Still, clearly not for everyone!
But there's also a lot of people who covet the "film look" and the "character" of vintage lenses, even if that's not something you personally care about.
I personally love the look of movies that are shot on film, though I have no desire to ever try it myself (way too expensive).
But I do think it's cool and look forward to seeing reviews when people start getting their hands on them.
What qualifies as sincere? Who decides?
"Discover the worlds hidden in every moment with WideluxX™" -> "Take sweeping panaromic analog photos with WideLux"
"The WideluxX™ is not a nostalgic return to the past. It exists alongside contemporary tools, offering a different way to create." -> this is AI slop, but still, you could say "We've updated analog film technology with the absolute best in modern engineering" (assuming that's factually true)
"A Contemporary Tool, Not a Retro Gesture" also AI slop, something like "A contemporary version of a beloved retro style" or something is factual and earnest.
"Each WideluxX™ image is created in a single continuous exposure, capturing space and time as they unfold, right in front of your eyes." -> "Single continuous exposures panaromas over (whatever aspect ratio / etc) which split the difference between photographs and short films, giving the appearance of active motion" (or whatever, I didn't read too much about what it actually does)

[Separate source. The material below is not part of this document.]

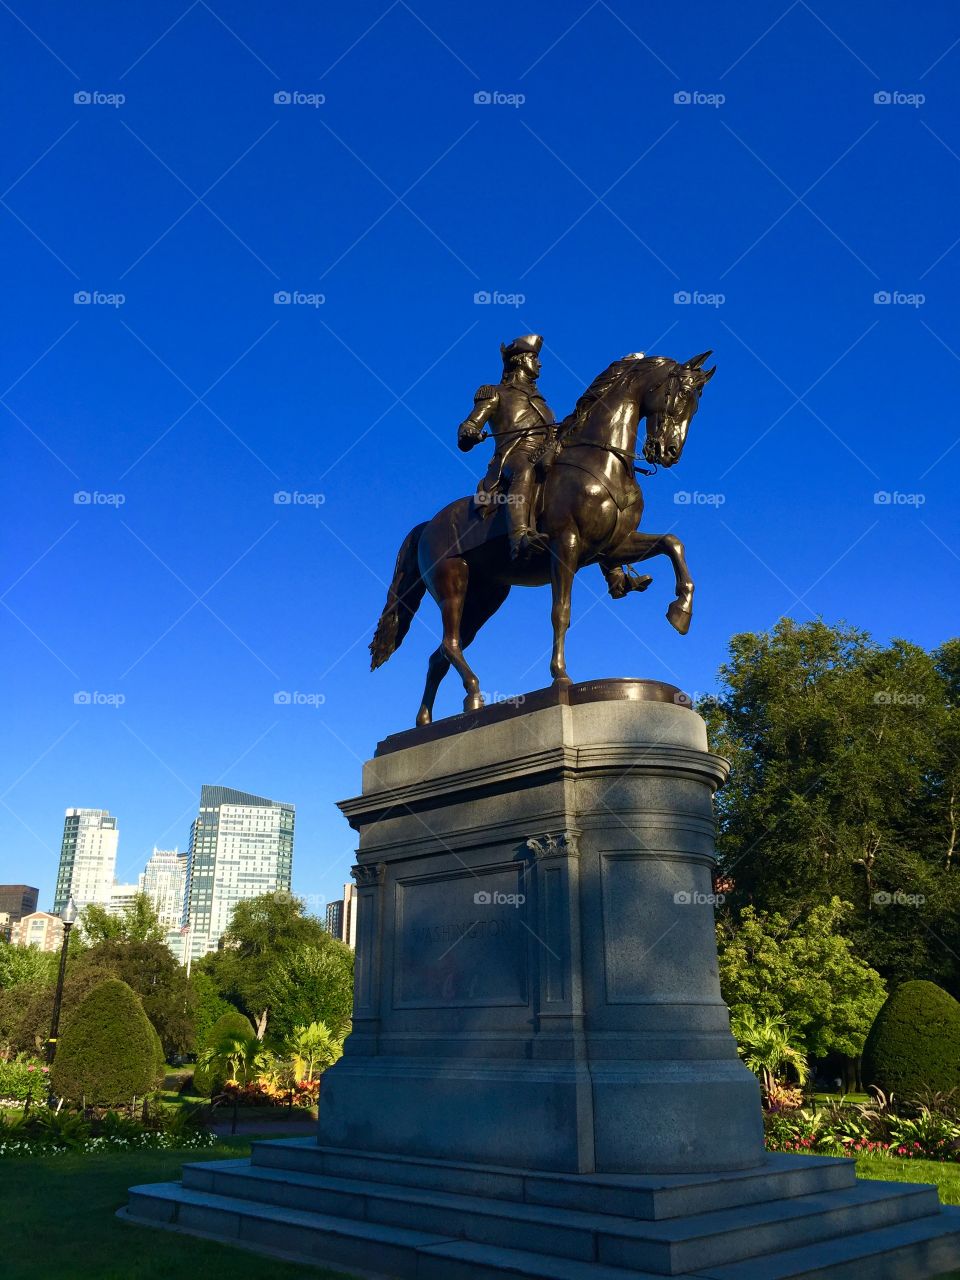 Washington statue

"Who's it for? WideluxX™ is for photographers who enjoy shaping an image through timing, movement, and perspective — and for those drawn to finely made mechanical cameras." -> thsi is alright but I'd prefer it to be less fluffy, like "WideLux is for lovers of finely-made mechanical cameras and film photography who want to play with a new style of photography that opens up new artistic opportunities.

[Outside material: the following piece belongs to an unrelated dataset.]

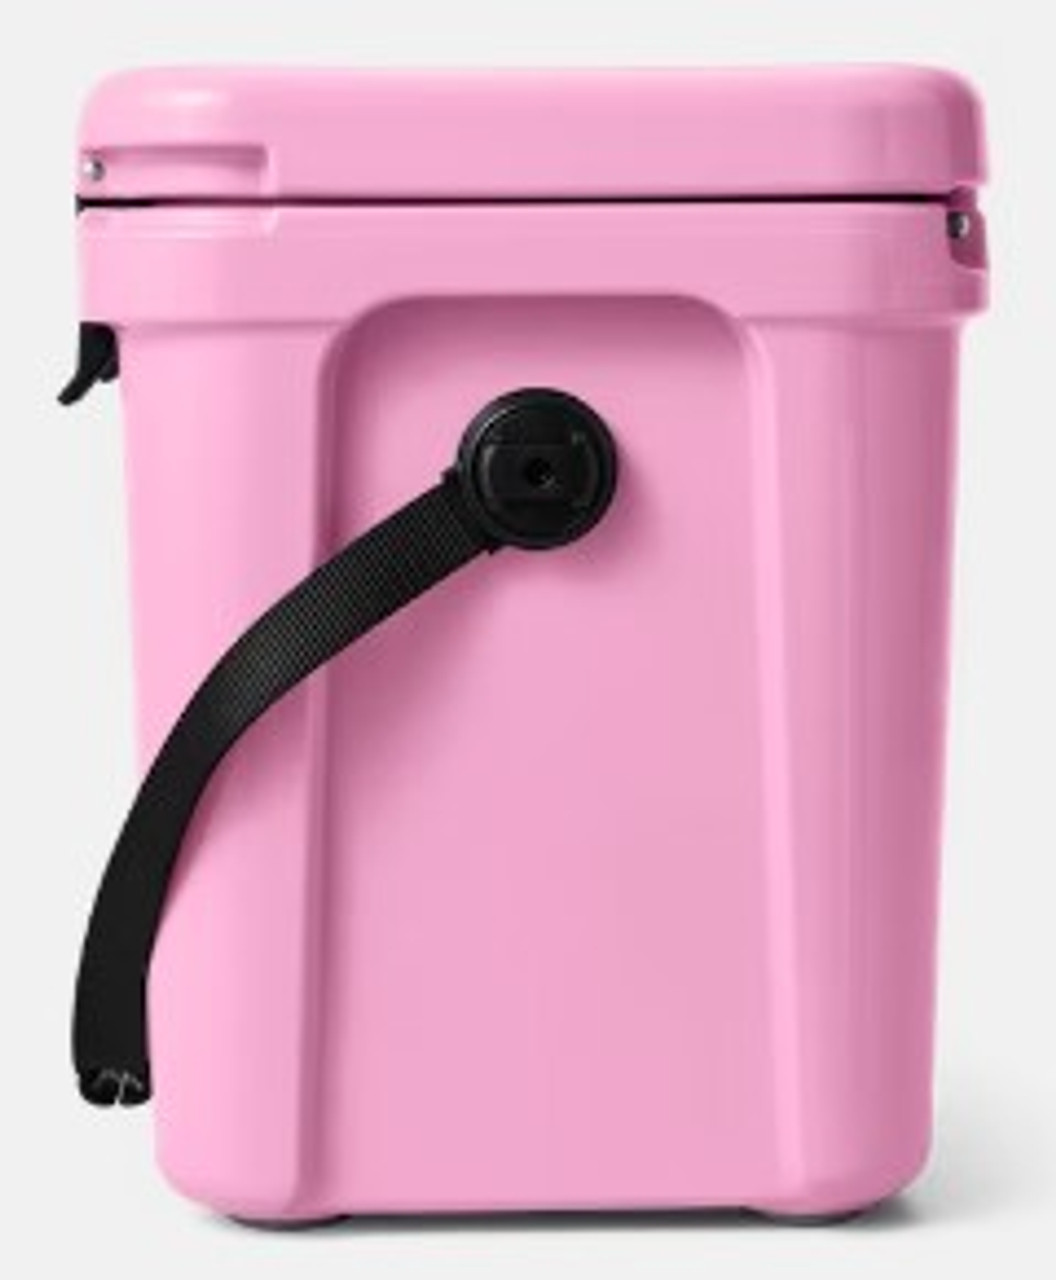 Yeti - Roadie 24 Hard Cooler - Power Pink – Sunset & Co.

"Working with WideluxX™ means allowing space for surprise—images shaped by light, movement, and the unfolding moment." -> ugh. just delete this entirely.

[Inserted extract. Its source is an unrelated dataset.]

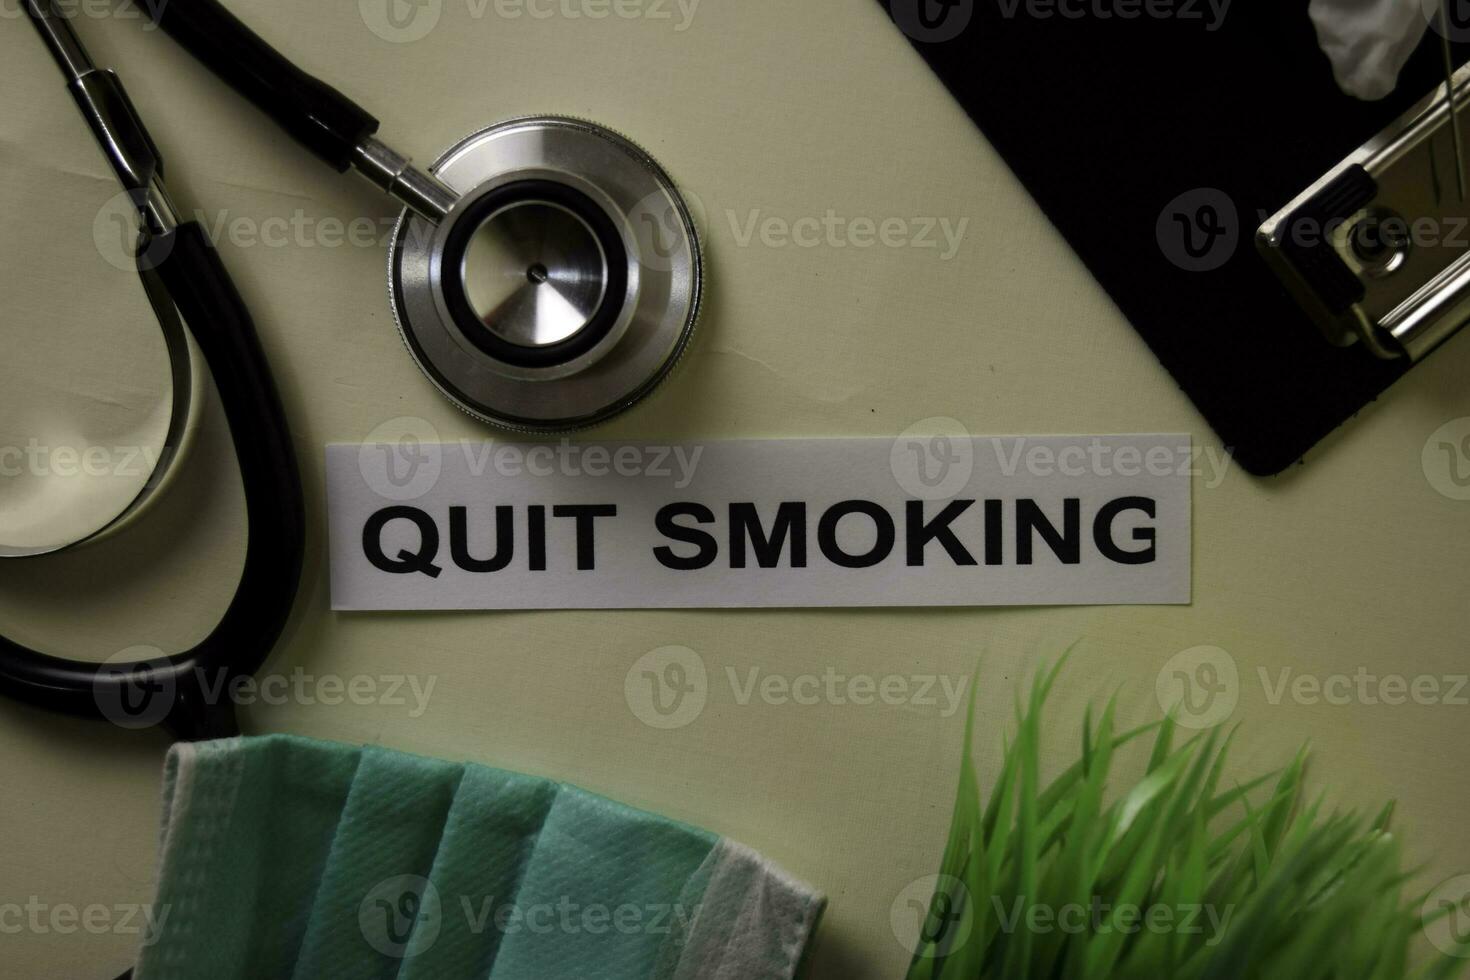 sluta rökning med inspiration och sjukvård medicinsk begrepp på skrivbord bakgrund foto

"Designed to endure, the WideluxX™ can be adjusted, repaired, and restored—much like a mechanical watch." no shit it's mechanical of course it can be. this one isn't terrible but it's not great. delete the "designed to endure" (and de-sloppify it a bit)
also personal preference but having "^tm" on everything cheapens the hell out of it. I'm sure there's some sketchy legal reason for it but it looks stupid and makes everything feel plastic and corporate.
Anyway, the trick (which is not a trick) is to write things that are true and sincere and treat the reader like a human being. If you wouldn't say something to someone's face without them wanting to punch you, don't write it on your website. If you don't have factual things to say that make people want to buy your product, make a better product. No opinion about whether this is better for sales funnels, don't even care. But it will make me respect the company more.
I believe that you made your point, and yet I also still think it's not a binary. There's certainly room for more flowery, metaphor-driven descriptions in marketing even if it's not as bluntly spec-driven as you'd prefer. For a lot of customer demos, it's trying to strike the right balance between intimidating and approachable.
I do think that people need to chill out on the knee-jerk declarations of AI slop every time something isn't as tight and poetic as they'd like. I remember (and am still bothered by) commercials in the 90s showing eg smiling moms shaking empty McCain frozen French fry bags upside down to illustrate how they are so desirable, you literally can't have enough of them.
In other words, what you're uptight about is not slop so much as late stage capitalism.